Spaun can perform at least eight different tasks, from copying an image to finding the next number in a series. When it is completed, it writes out the answer with a physically modeled arm. Spaun is almost as accurate at simple tasks as the average human, and reproduces some of the quirks of human behavior, such as the tendency of remembering items at the start and end of a list better than those in the middle.

Spaun provides a powerful platform to test hypotheses about how the brain works. It even has a virtual basal ganglia region, an area that acts like a switchboard, allowing the brain to toggle between different behaviors.

If parts of the model are destroyed, the researchers can see what behaviors might fail.
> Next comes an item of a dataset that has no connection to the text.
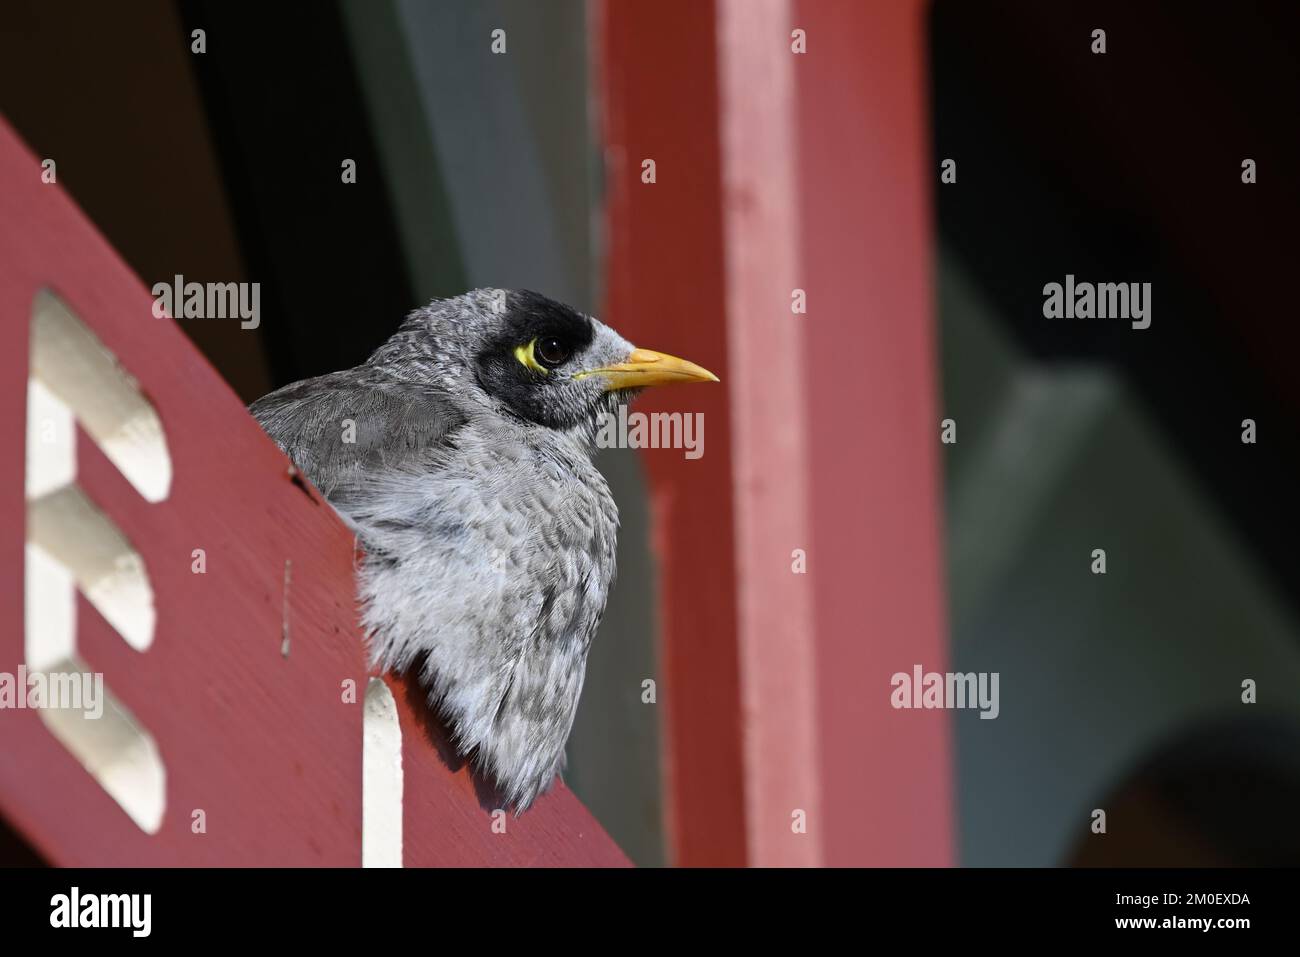 Plump looking noisy miner bird, manorina melanocephala, as it rests while sitting atop a wooden sign Stock Photo

The scientists have already submitted a paper in which they killed off Spaun’s virtual neurons at the same rate as those in an aging brain, seeing the same cognitive decline.

Spaun has some limits. It simulates only a fraction of the full brain and cannot learn completely new tasks or deal with inputs beyond ten numerals and a few symbols. It is also slow in computing terms, taking hours to simulate one second of neural behavior.

Reference: “A Large-Scale Model of the Functioning Brain” by Chris Eliasmith, Terrence C. Stewart, Xuan Choo, Trevor Bekolay, Travis DeWolf, Yichuan Tang and Daniel Rasmussen, 30 November 2012, Science.